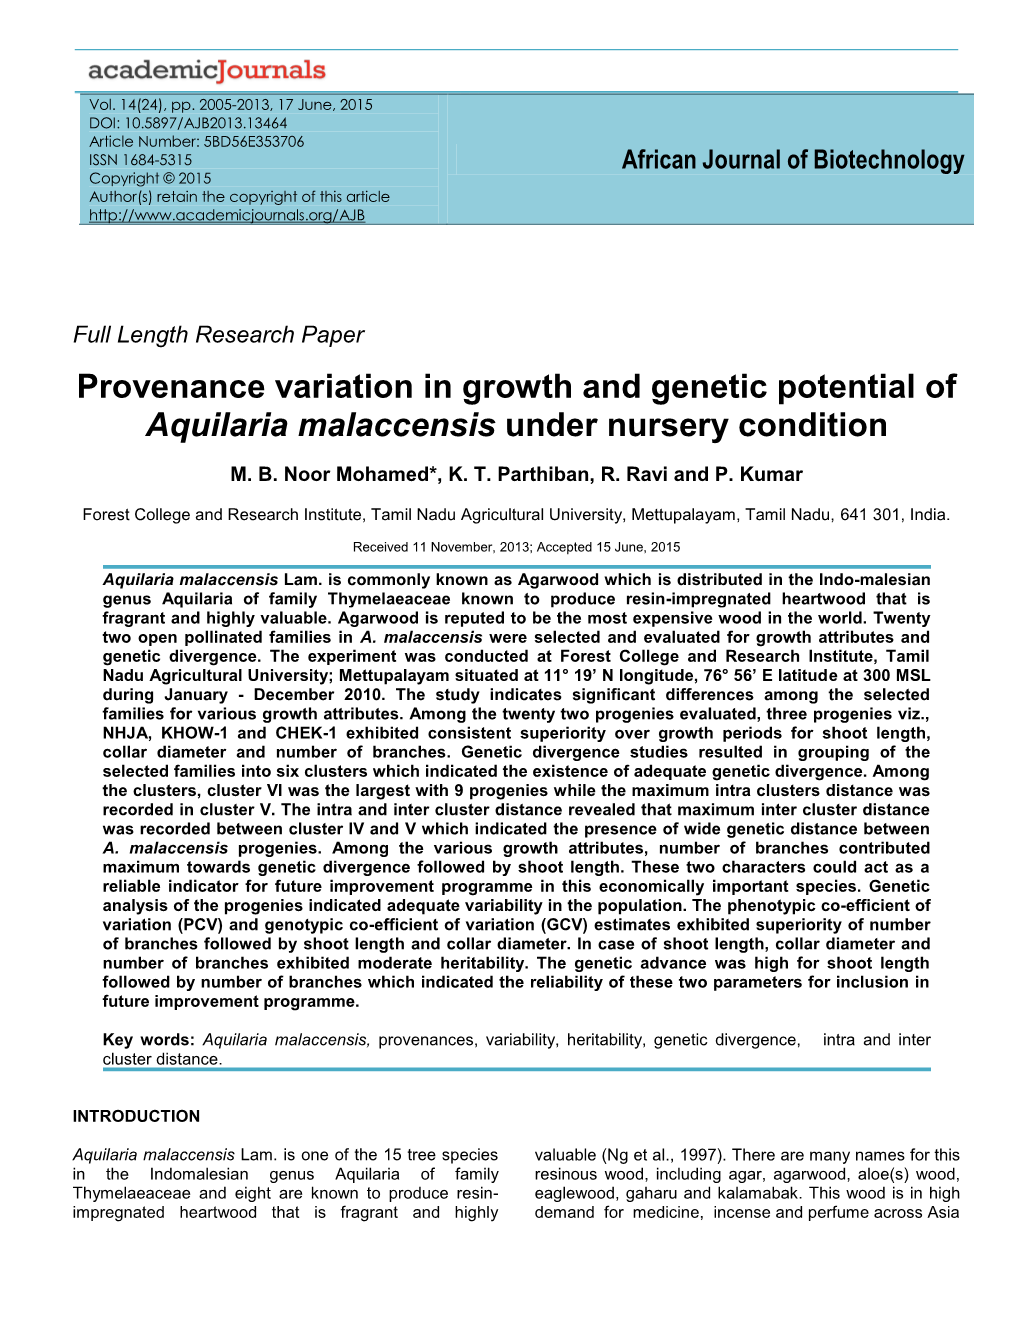 Provenance Variation in Growth and Genetic Potential of Aquilaria Malaccensis Under Nursery Condition
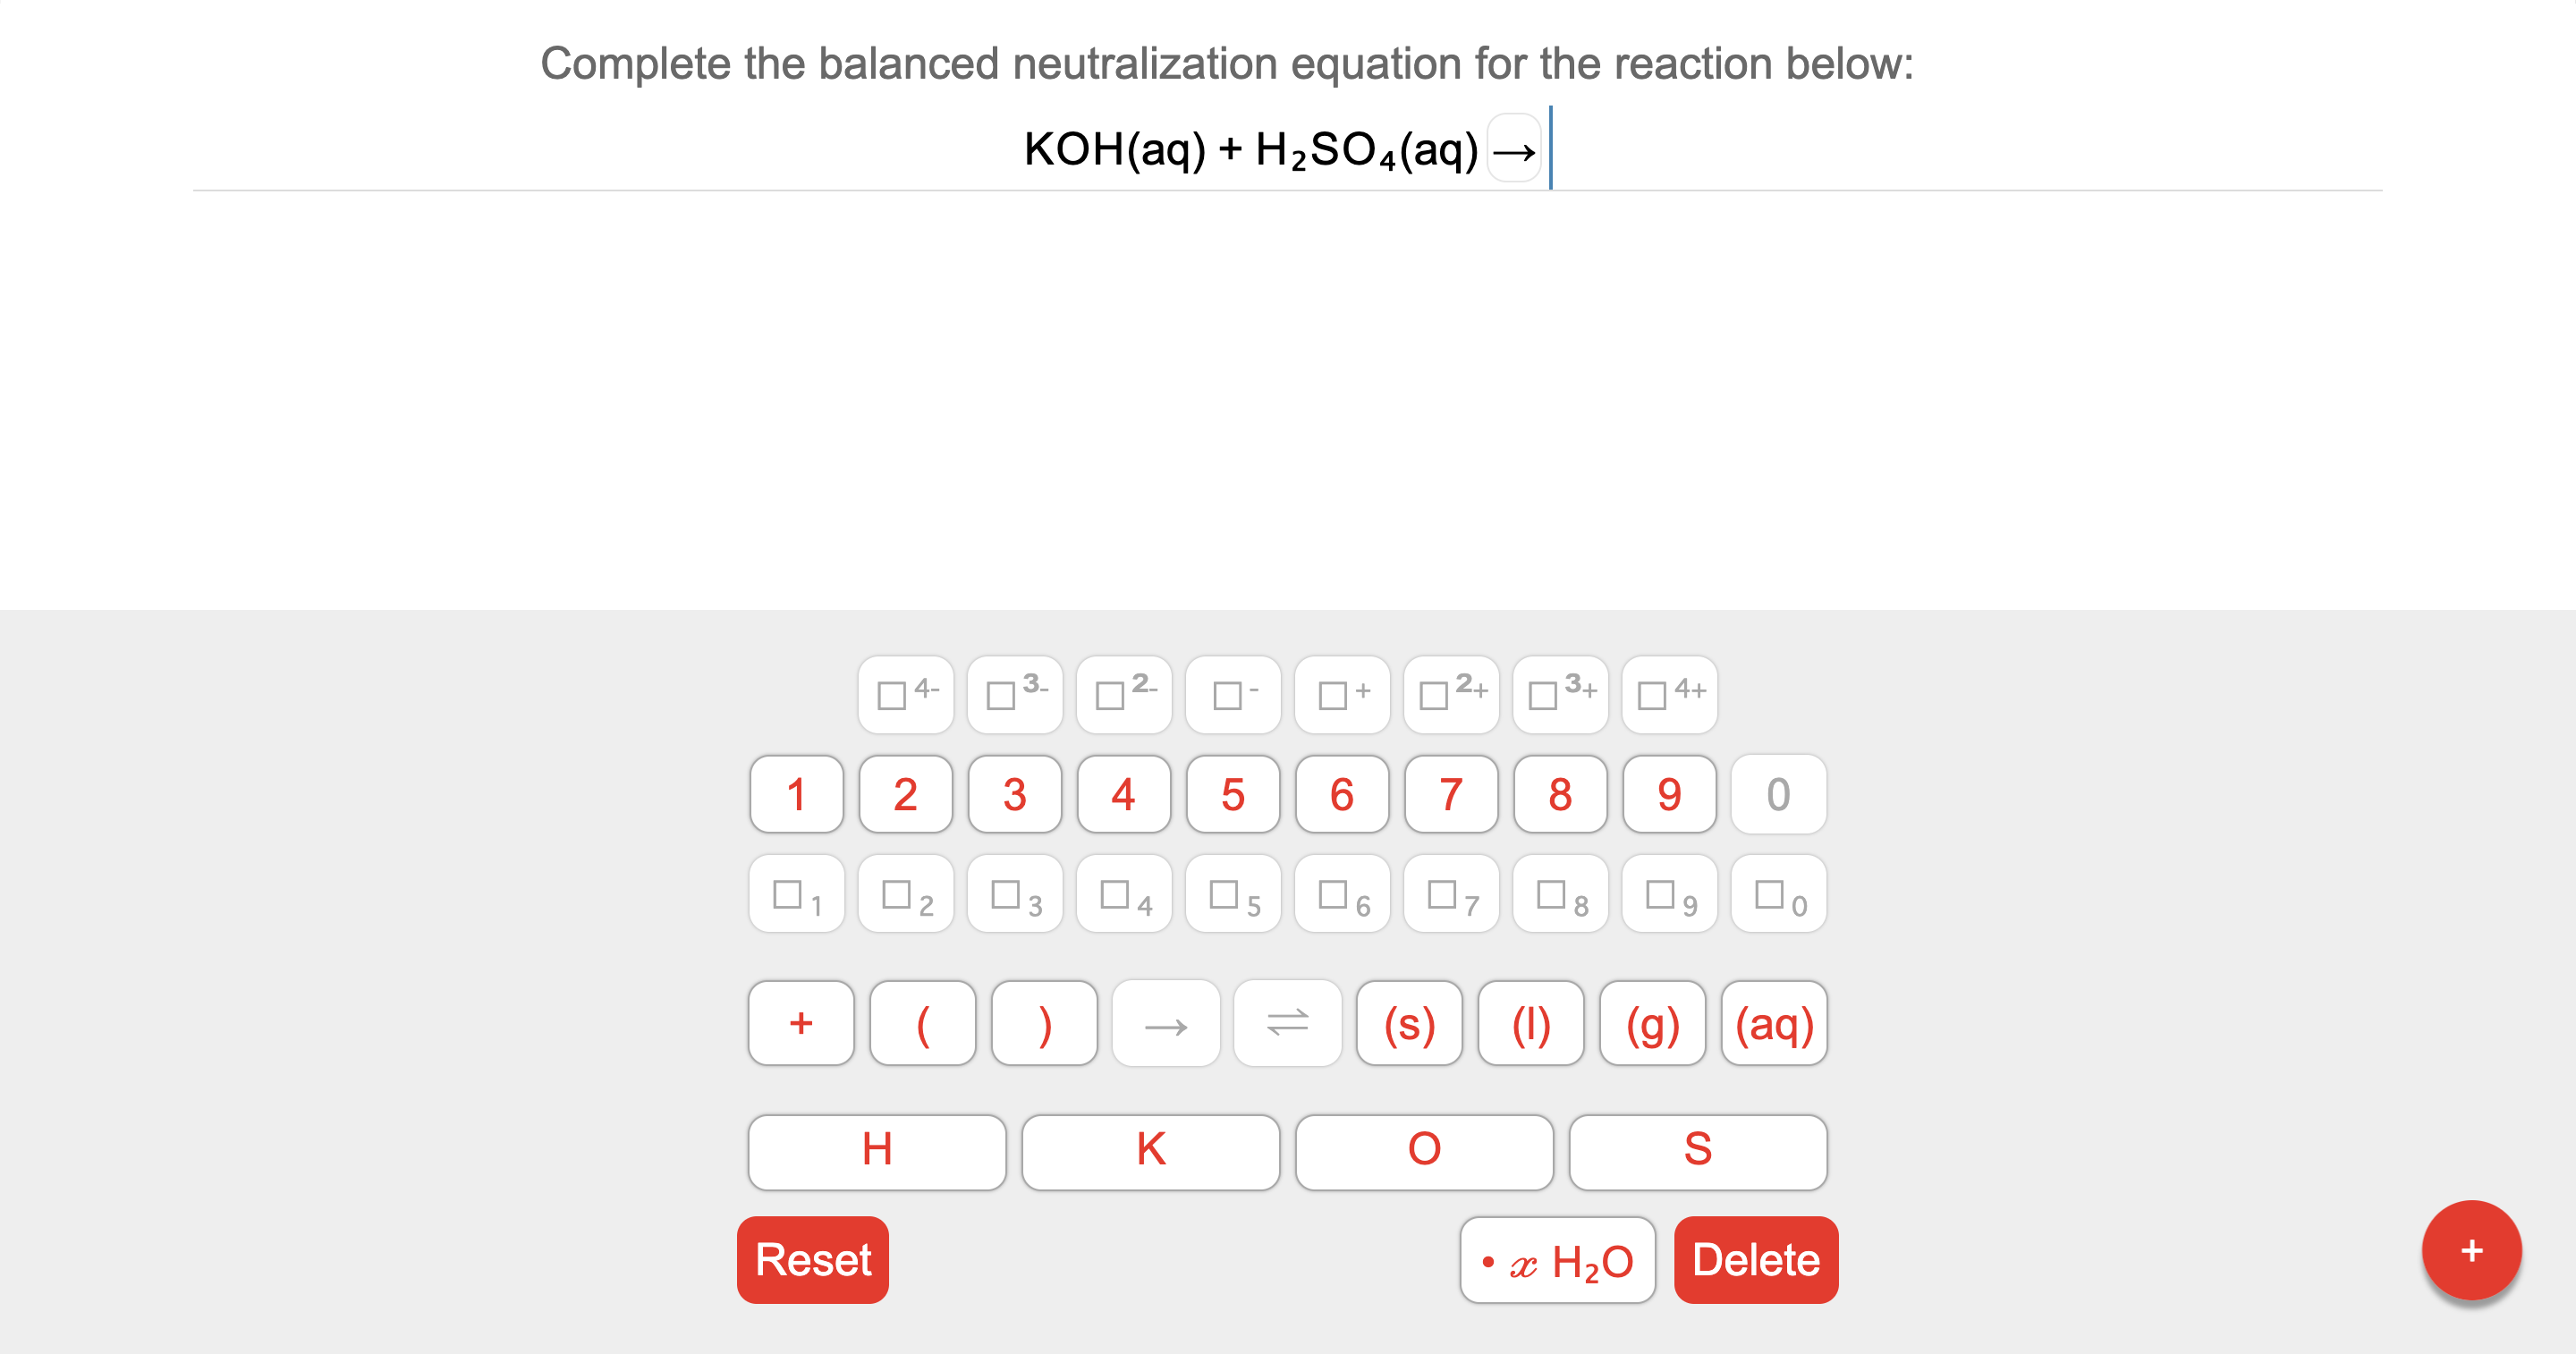 Complete the balanced neutralization equation for the reaction below:
KOH(aq) + H2SO4(aq)-
____________________
*What the task requires*: Once more, please print the whole listing exactly, omitting each image.

*Solution to the exercise*:
 Provenance Variation in Growth and Genetic Potential of Aquilaria Malaccensis Under Nursery Condition
 Complete the balanced neutralization equation for the reaction below:
KOH(aq) + H2SO4(aq)-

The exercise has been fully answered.